Read a file line by line from S3 using boto?
I know it's a very old question.
But as for now, we can just use s3_conn.get_object(Bucket=bucket, Key=key)['Body'].iter_lines()
You may find https://pypi.python.org/pypi/smart_open useful for your task.
From documentation:
for line in smart_open.smart_open('s3://mybucket/mykey.txt'):
print line
The codecs
module in the stdlib provides a simple way to encode a stream of bytes into a stream of text and provides a generator to retrieve this text line-by-line. It can be used with S3 without much hassle:
import codecs
import boto3
s3 = boto3.resource("s3")
s3_object = s3.Object('my-bucket', 'a/b/c.txt')

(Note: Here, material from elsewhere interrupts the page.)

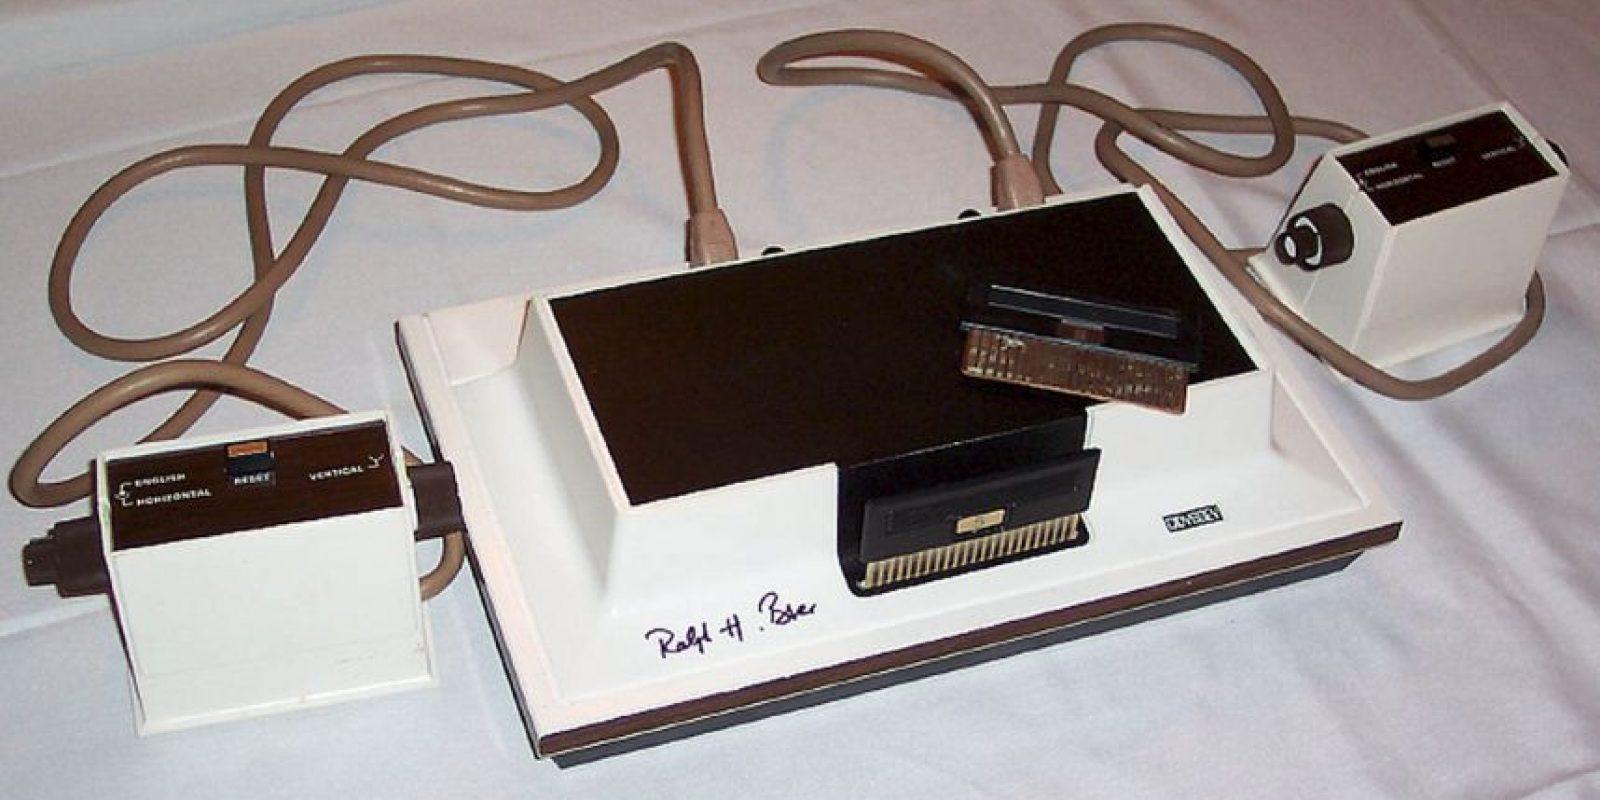 """A Baer se le ocurrió la idea de diseñar una """"caja"""" que permitiese a los estadounidenses jugar en sus televisores en 1966, pero fue hasta 1972 cuando lanzaría la primera consola Magnavox Foto:Wikicommons"""

line_stream = codecs.getreader("utf-8")
for line in line_stream(s3_object.get()['Body']):
print(line)
Here's a solution which actually streams the data line by line:
from io import TextIOWrapper
from gzip import GzipFile
...
# get StreamingBody from botocore.response
response = s3.get_object(Bucket=bucket, Key=key)
# if gzipped
gzipped = GzipFile(None, 'rb', fileobj=response['Body'])
data = TextIOWrapper(gzipped)
for line in data:
# process line